Maybe a bit, I am not sure if you would really notice it. You probably aren't racing a Compac Legacy? Roller furling can be a nice thing to have on a small boat like that.


----------



## Minnewaska (Feb 21, 2010)

That one time you don’t feel like sailing or don‘t stay out longer or don’t fly the headsail at all, because it’s too much hassle, all reduce performance. I say get the furler.

On a different scale, I had a buddy with a 49 ft Taswell, without any electric winches. If conditions were marginal or variable, he would never go through the effort of raising all the sails, just to find out.
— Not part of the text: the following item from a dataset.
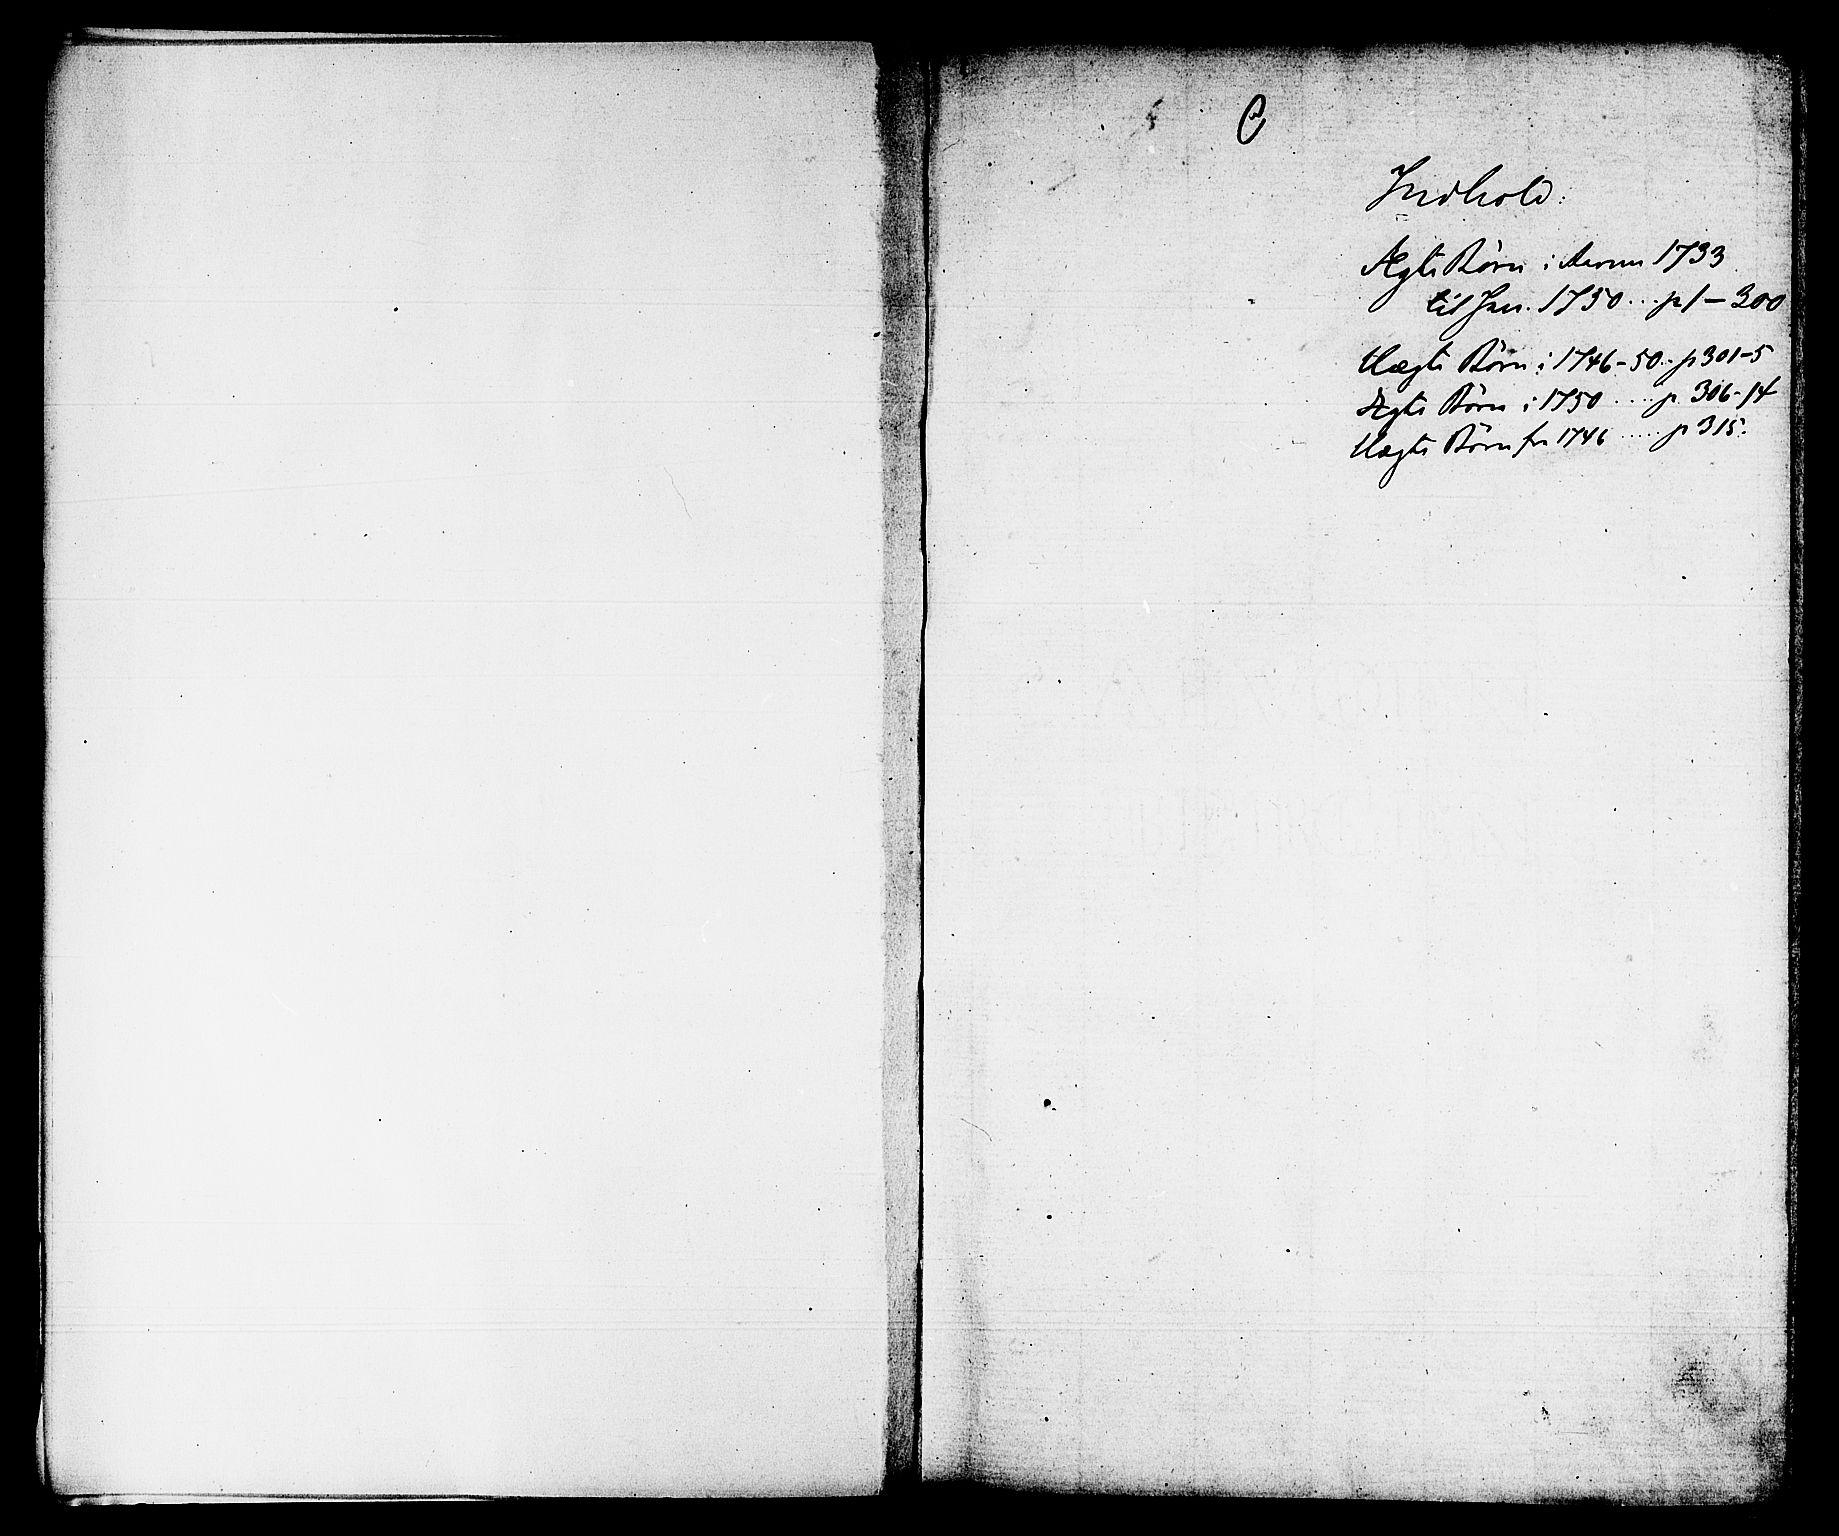 SAB, Domkirken Sokneprestembete, H/Haa/L0002: Ministerialbok nr. A 2, 1733-1750

We sailed 2-3x more than he.

Make it as convenient as you can. Enjoy.


----------



## overbored (Oct 8, 2010)

no it can increase your performance . the foil actually will improve the air flow over the leading edge of the sail the same as a round leading edge does on a low speed aircraft wing. creates a aerodynamic fatter airfoil out of a thin leading edge can also improve performance when the wind is up and you can reef a bit to keep the boat over the rudder and not heel so much.


----------



## jephotog (Feb 25, 2002)

Minnewaska said:


> That one time you don't feel like sailing or don't stay out longer or don't fly the headsail at all, because it's too much hassle, all reduce performance. I say get the furler.
> 
> On a different scale, I had a buddy with a 49 ft Taswell, without any electric winches.


Does he not have roller furling on his Tazewell?


----------